Participant Accounts
– Each participant’s account is credited with the participant’s contribution and an allocation of the Company’s contribution and Plan earnings, and is charged with a per capita allocation (equal amount) of the Plan’s administrative expenses. The benefit to which a participant is entitled is the benefit that can be provided from the participant’s vested account.
Vesting
– Participants are immediately vested in their voluntary contributions plus actual earnings thereon. Vesting in the remainder of their account is based on years of continuous service. A participant is 100% vested after six years of credited service.

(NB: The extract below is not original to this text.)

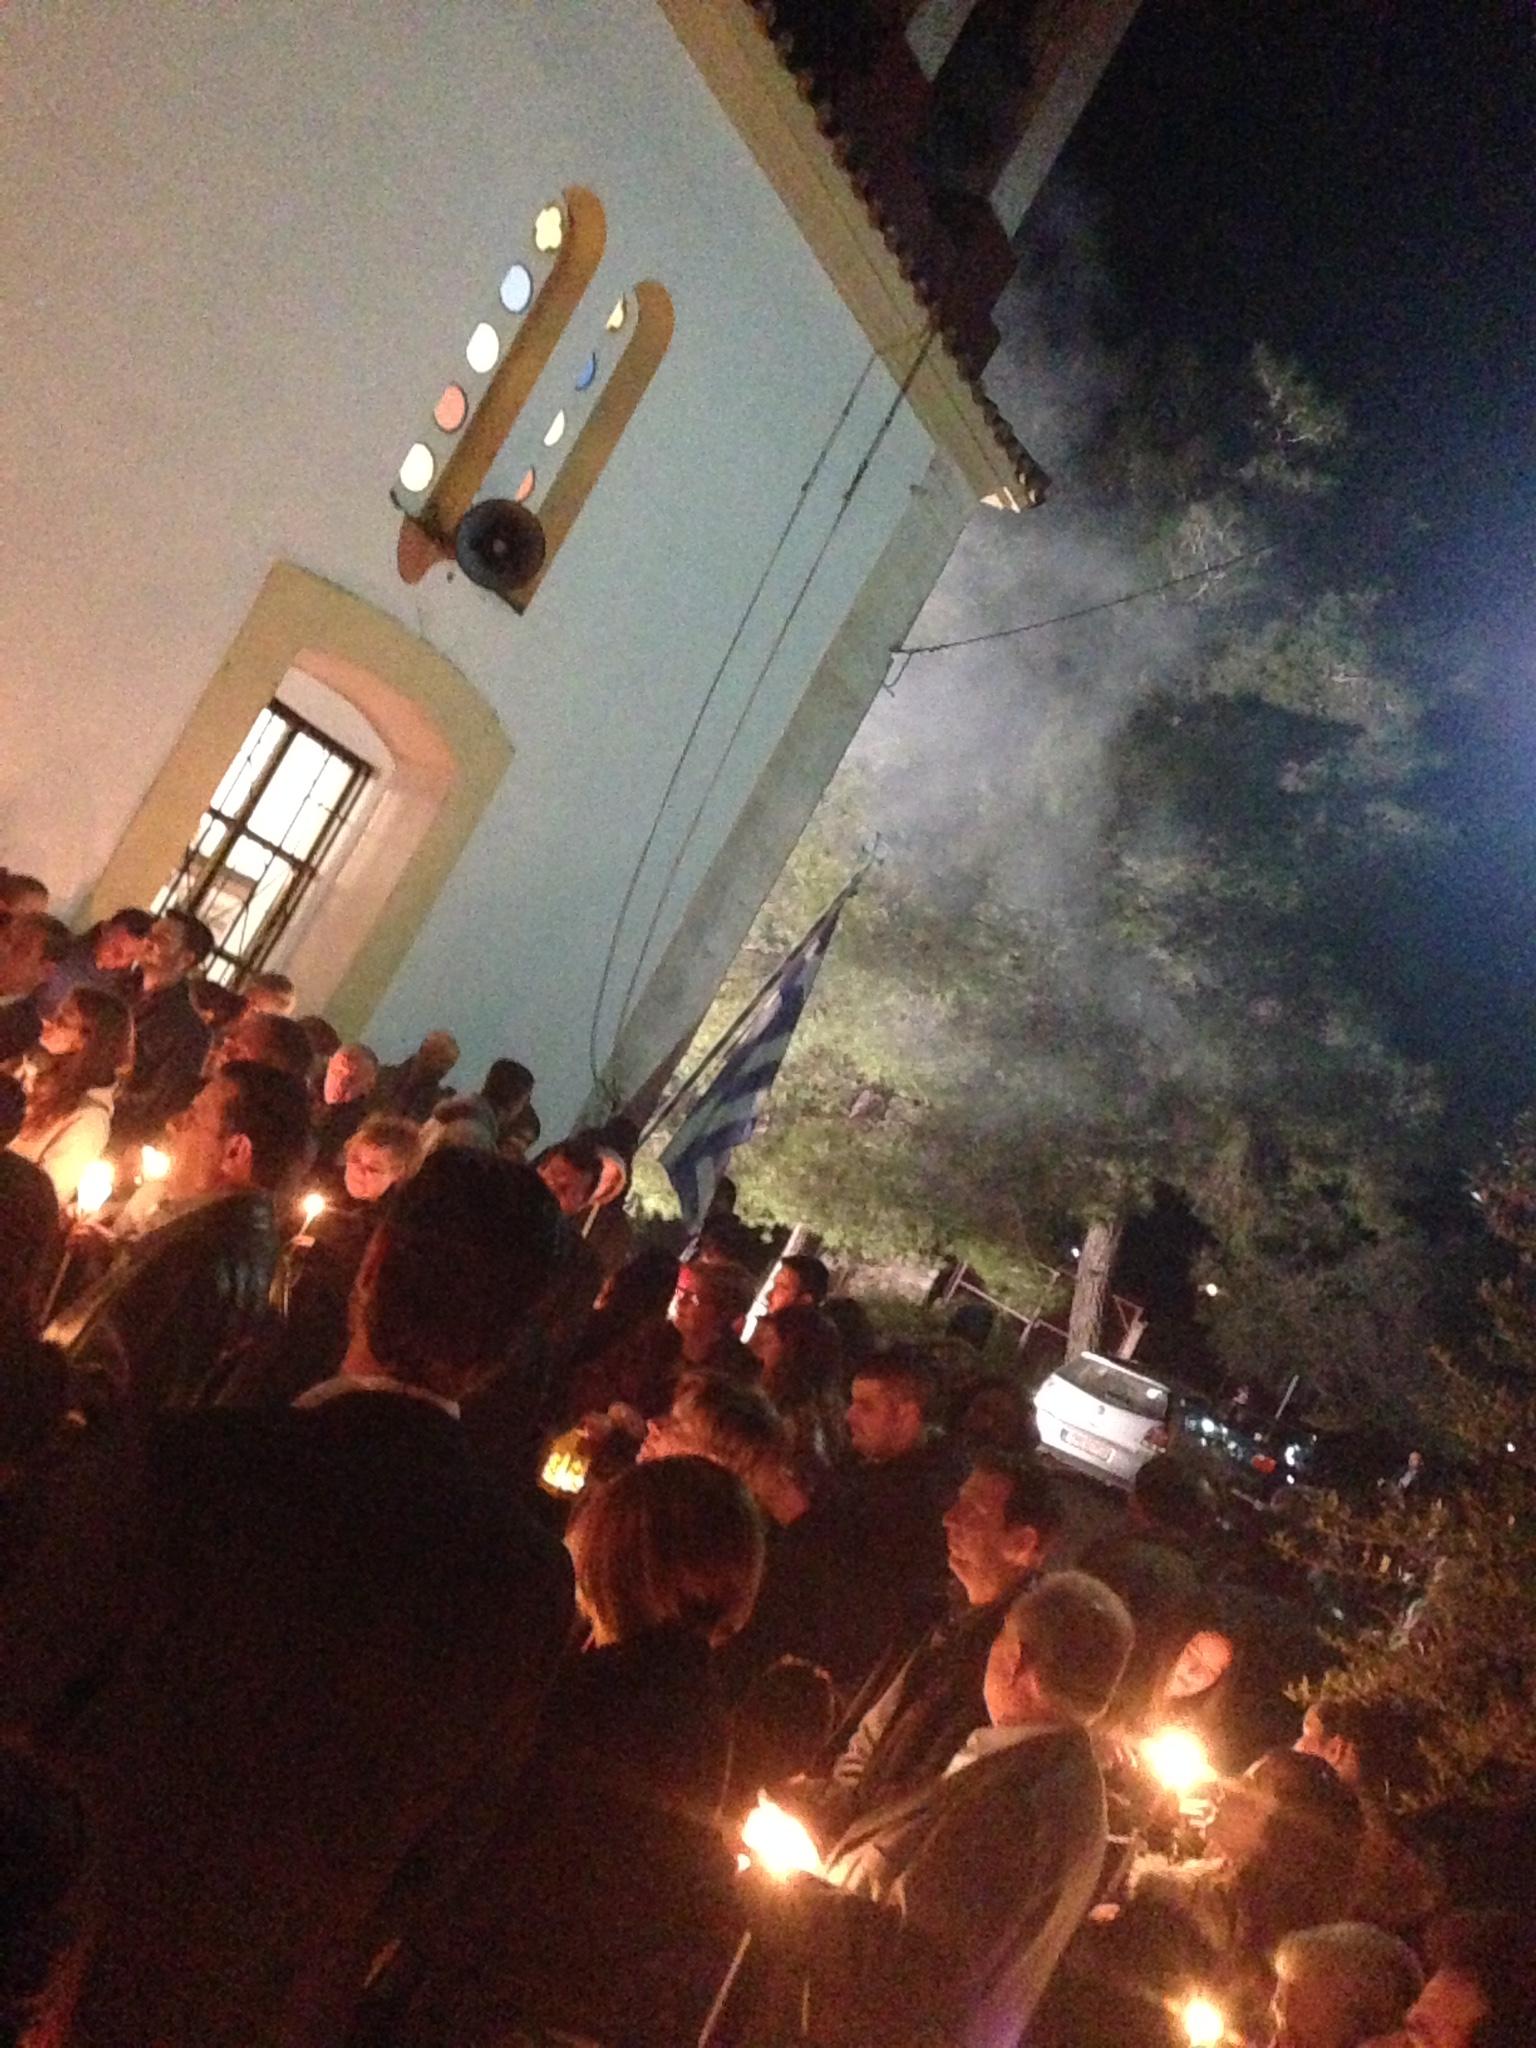 grekisk ortodox påsk 2015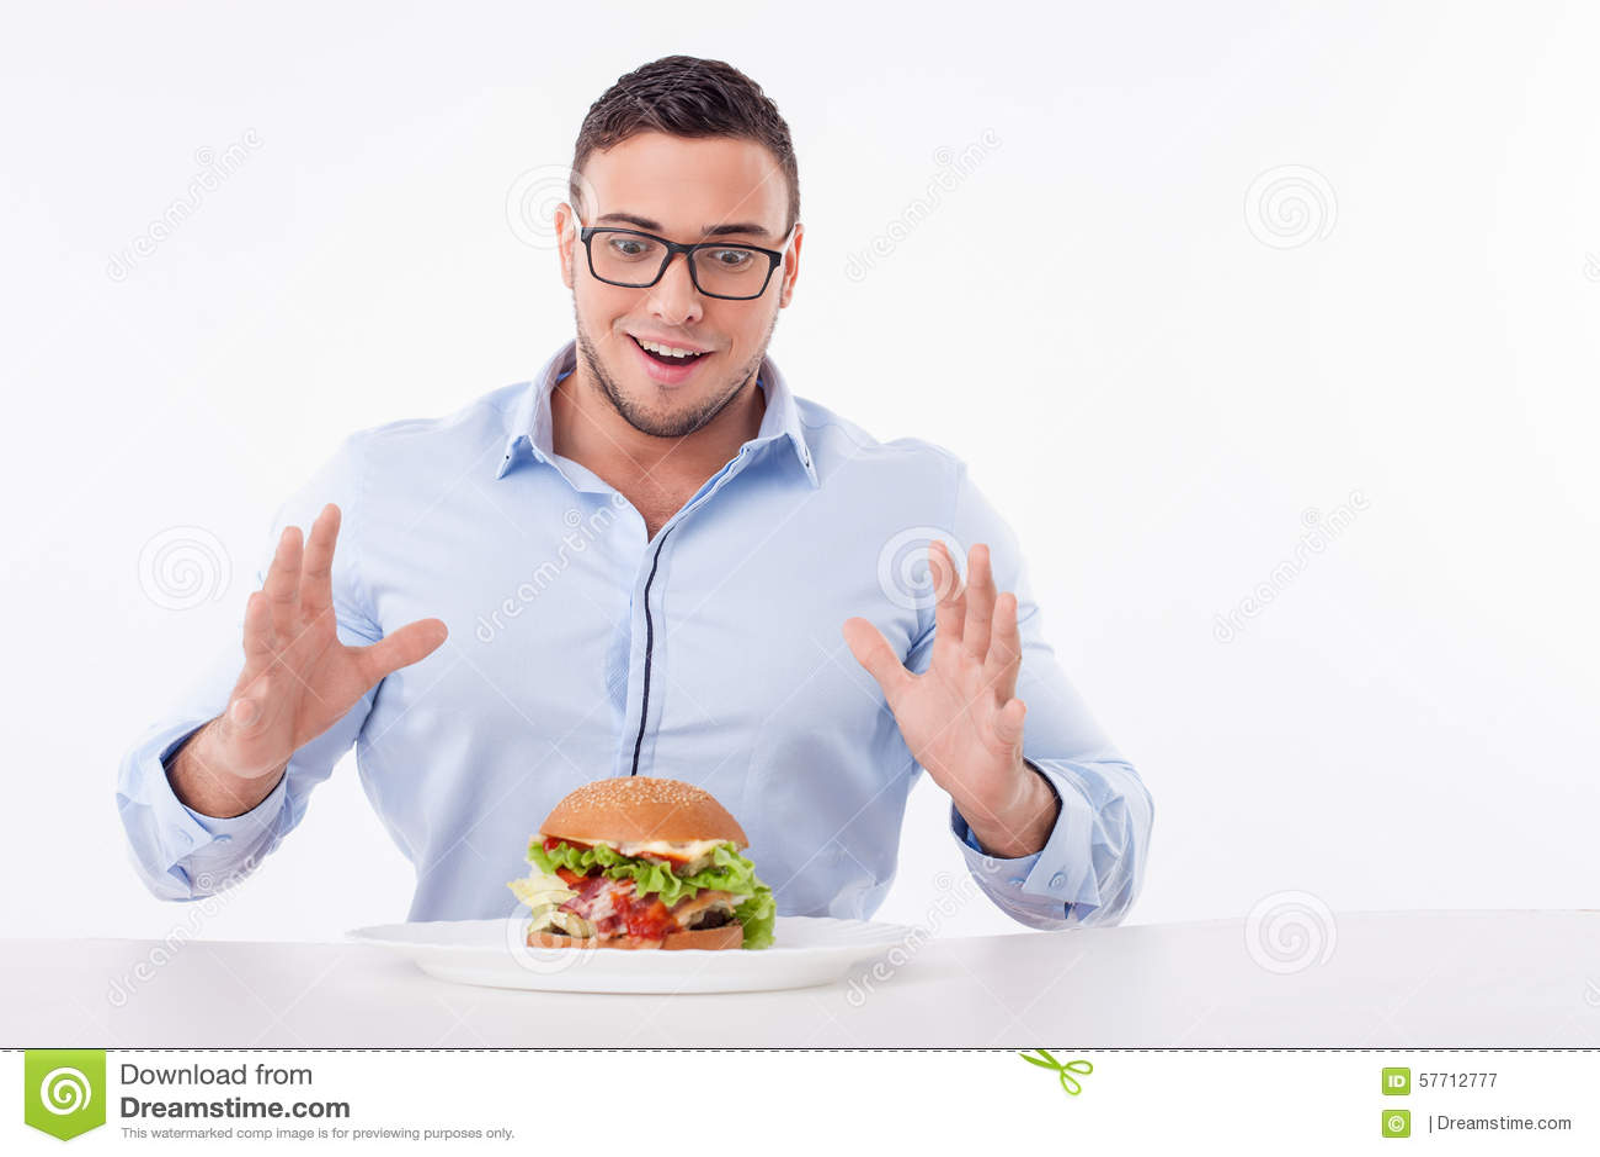 how to eat pho white guy

Notes Receivable from Participants
– Participants may borrow from their fund accounts a minimum of $500 and a maximum equal to the lesser of $50,000 or 50% of their vested account balance. Loan terms range up to five years or up to thirty years for the purchase of a primary residence. The loans are secured by the vested balance in the participant’s account and bear interest at a rate of Prime + 1% at the time the loan is issued. Principal and interest are paid ratably through payroll deductions. Interest rates on outstanding loans at December 31, 2016 ranged from 4.25% to 6.00%, with maturities through 2046.
LITHIA MOTORS, INC.
SALARY REDUCTION PROFIT SHARING PLAN
NOTES TO FINANCIAL STATEMENTS
NOTE 1 – DESCRIPTION OF THE PLAN (continued)
Payment of Benefits –
Upon termination, the participants or beneficiaries may elect to leave their account balance in the Plan, or receive their total benefits in a lump sum amount or annual, semiannual, quarterly or monthly installments over a period of years equal to the value of the participant’s vested interest in their account. The Plan requires the automatic distribution of participant vested account balances that do not exceed $5,000.
Forfeited Accounts
– Forfeited non-vested accounts at December 31, 2016 and 2015 totaled $678,031 and $311,909, respectively, and are used to reduce future employer contributions.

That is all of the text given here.